▸ Raw data:
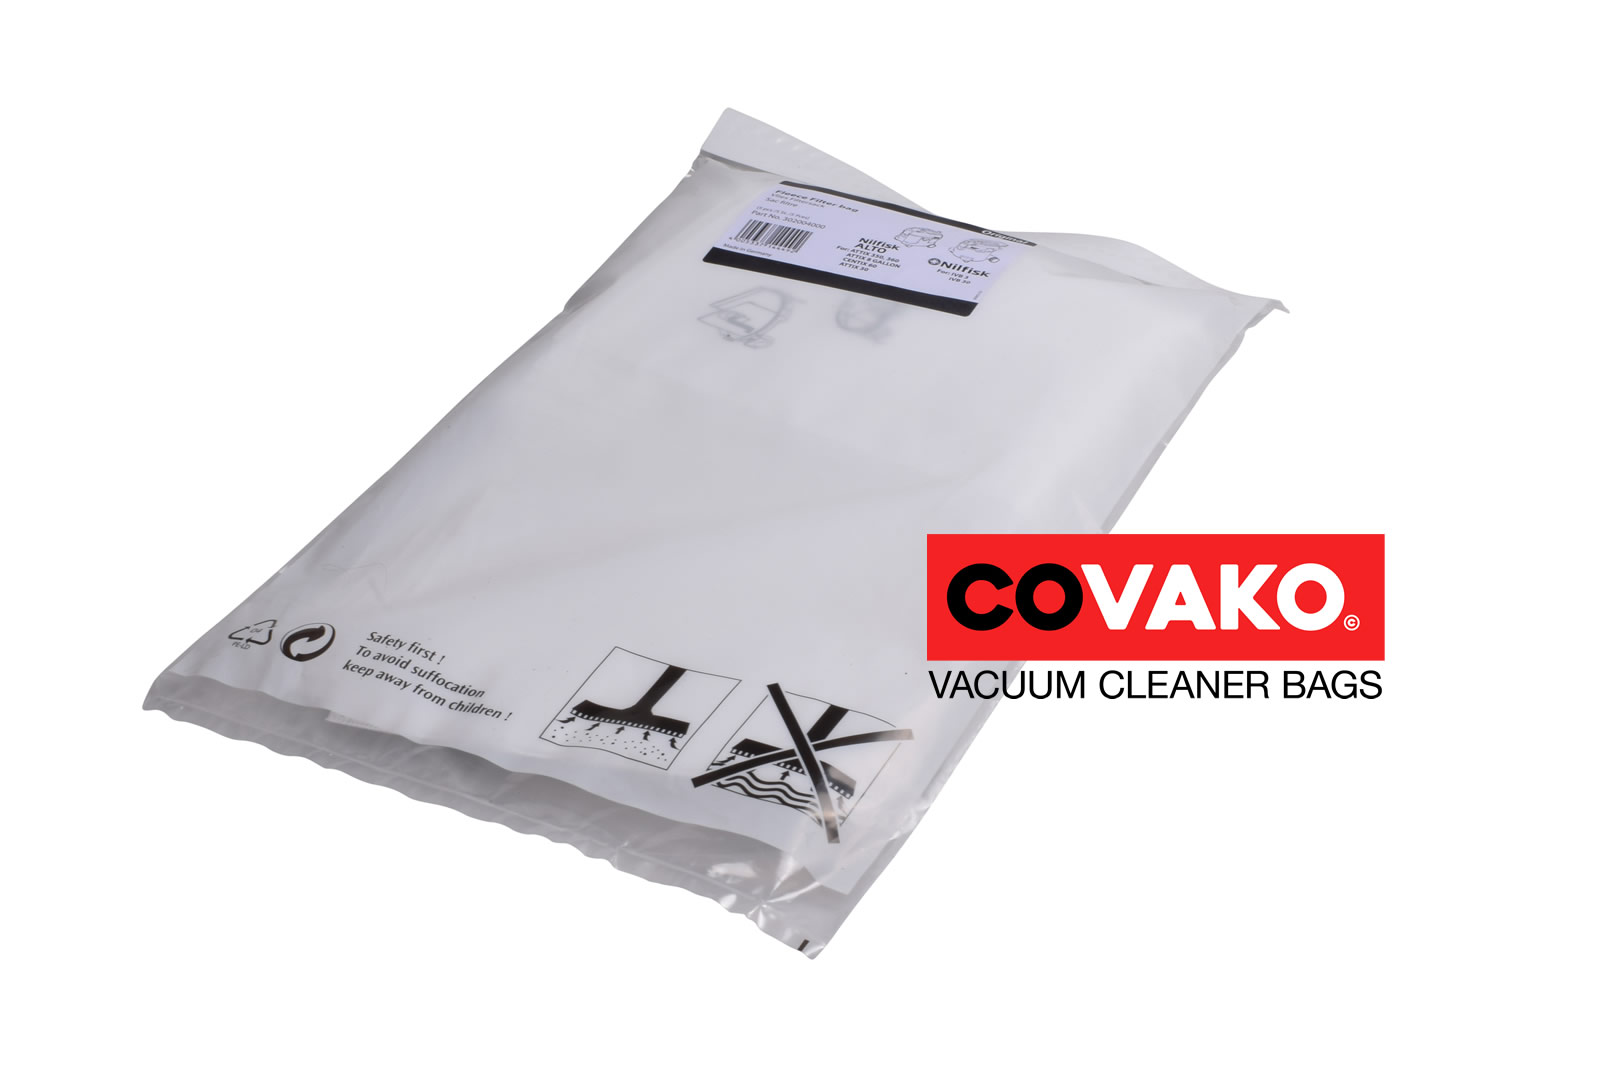 Wap Attix 360-21 / Synthesis - Wap vacuum cleaner bags
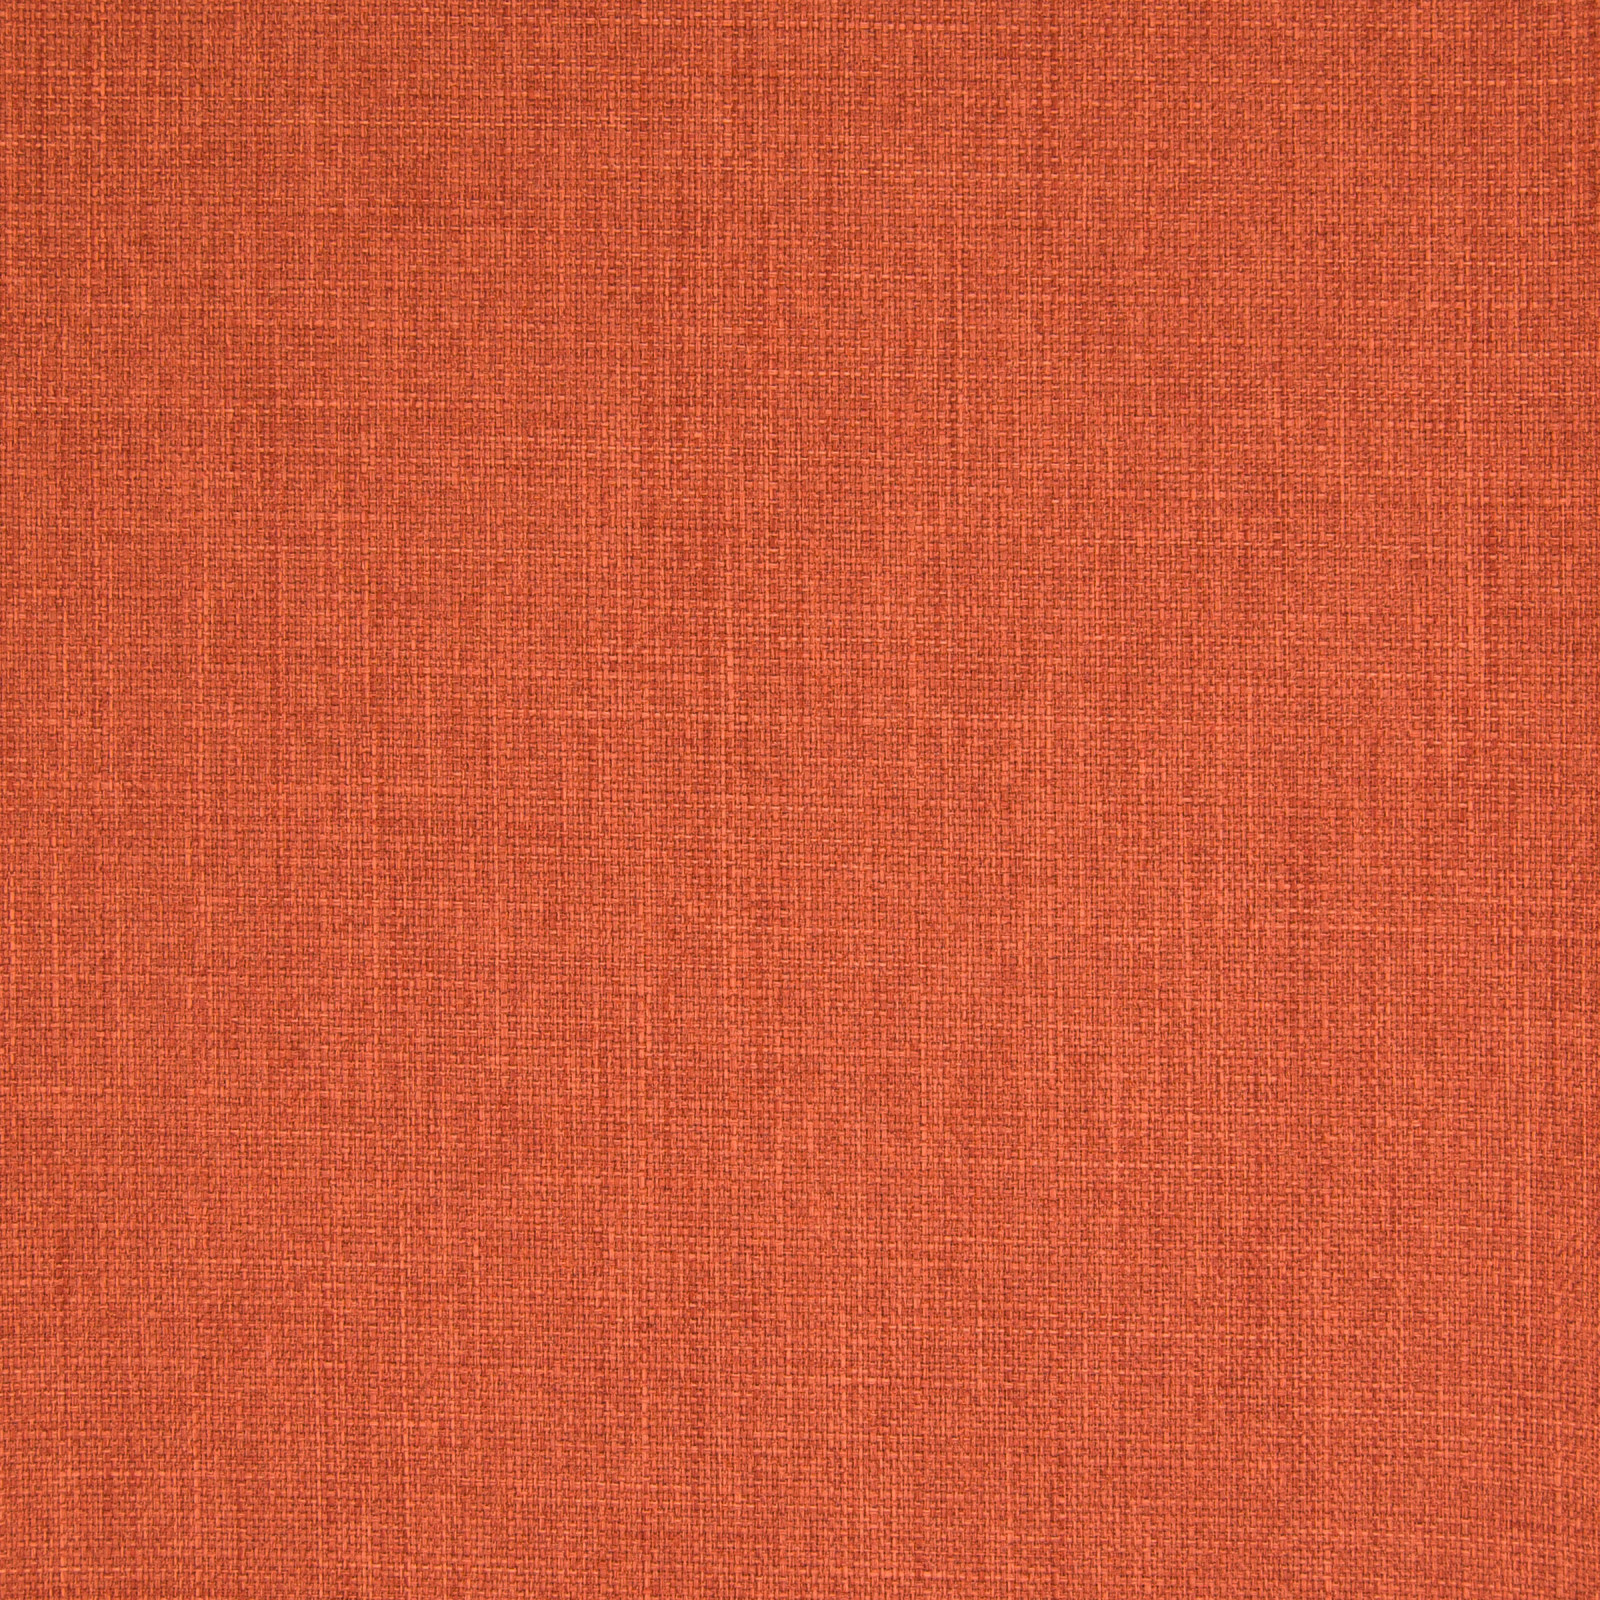 Оранжевая ткань текстура
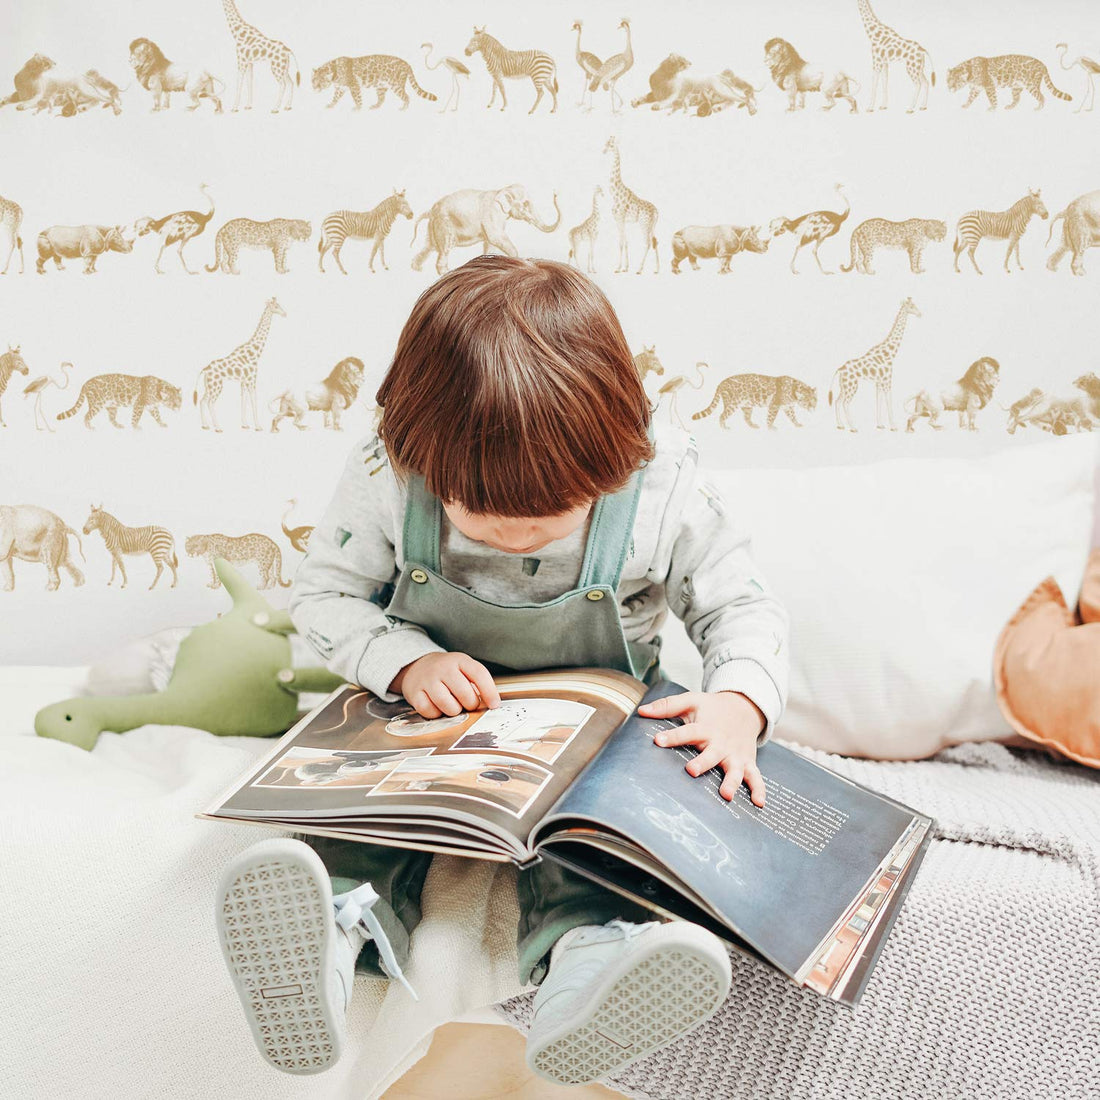 safari themed animal print wallpaper design in beige for neutral kids bedroom

▸ What you should do: All of the data must be repeated exactly, except for the pictures.

▸ Your solution:
 Wap Attix 360-21 / Synthesis - Wap vacuum cleaner bags
 Оранжевая ткань текстура
 safari themed animal print wallpaper design in beige for neutral kids bedroom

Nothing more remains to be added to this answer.